- Directed by: Kodi Ramakrishna
- Screenplay by: Kodi Ramakrishna
- Story by: Bhargav Art Productions Unit
- Dialogue by: Ganesh Patro;
- Based on: Punjabi House
- Produced by: S. Gopal Reddy
- Starring: Naveen Maheswari Laya
- Cinematography: Sri Venkat
- Music by: Vandemataram Srinivas
- Production company: Bhargav Art Productions
- Release date: 23 September 1999;
- Country: India
- Language: Telugu

= Maa Balaji =

1999 Indian Telugu-language film

Maa Balaji is a 1999 Indian Telugu-language comedy-drama film directed by Kodi Ramakrishna. The film stars Naveen, Maheswari, and Laya. The music was composed by Vandemataram Srinivas. The film was released on 23 September 1999 and was commercially successful. It is a remake of the Malayalam film Punjabi House (1998).

== Plot ==
Balaji is a young and ambitious man. But he is unsuccessful in his trials to make money and ends up in debt of ₹10 lakh. Unable to repay the amount, he jumped off into the sea to commit suicide after insuring an amount of ₹10 lakh for his debtors with the LIC. However, he is saved and lands up in the house of a rich Punjabi man Balwinder Singh whose mute daughter Pooja falls in love with him.

== Music ==
Music was composed by Vandemataram Srinivas. The lyrics were written by Sirivennela Sitarama Sastry and Bhuvana Chandra.

Track listing
| No. | Title | Singer(s) | Length |
|---|---|---|---|
| 1. | "Andaga Jathakalisindi" | Mano, Swarnalatha | 4:15 |
| 2. | "Gappchiproy" | Unnikrishnan | 4:01 |
| 3. | "Nedaina Repaina" | Swarnalatha, Rajesh | 4:27 |
| 4. | "Niligaganam lo" | Mano, Swanalatha | 4:39 |
| 5. | "Aayee Aayee" | Sarada Malladi | 4:48 |
| Total length: |  |  | 22:10 |

== Reception ==
Jeevi of Idlebrain.com rated the film 4 out of 5 and noted, “First half is in a lighter vein and second half is very gripping.

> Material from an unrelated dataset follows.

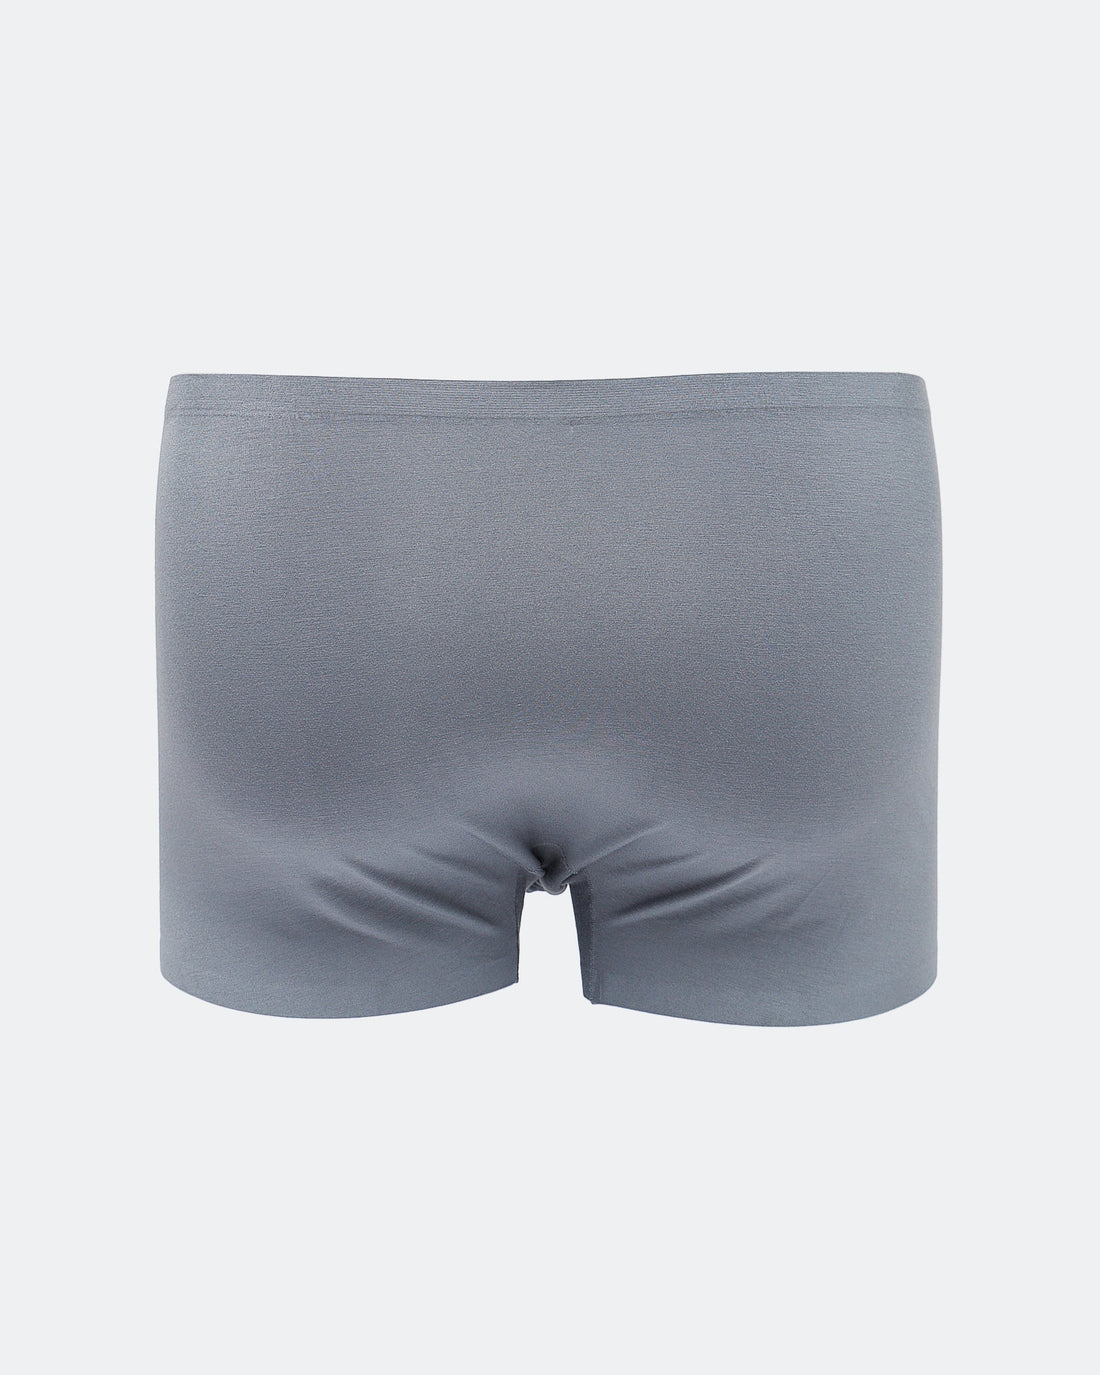 MOI OUTFIT-H Logo Printed Men Underwear 6.50

Climax is the heart and soul of the film”. Griddaluru Gopala Rao of Zamin Ryot gave the film a negative review criticising the story, characterisations, dialogues, and direction as clichéd, and artificial. A critic from Sify wrote that "A remake of the Malayalam movie, 'Punjabi House', it is meant to be a rib-tickler but the Telugu version, 'Maa Balaji comes out a cropper as the theme has nothing much to boast by way of being a comedy". Andhra Today wrote "The powerful storyline, coupled with the competence of the director made the movie quite interesting and the climax scene is the highlight of the movie. Another point that needs mention is that the movie is not crammed with unnecessary roles in the name of comedy".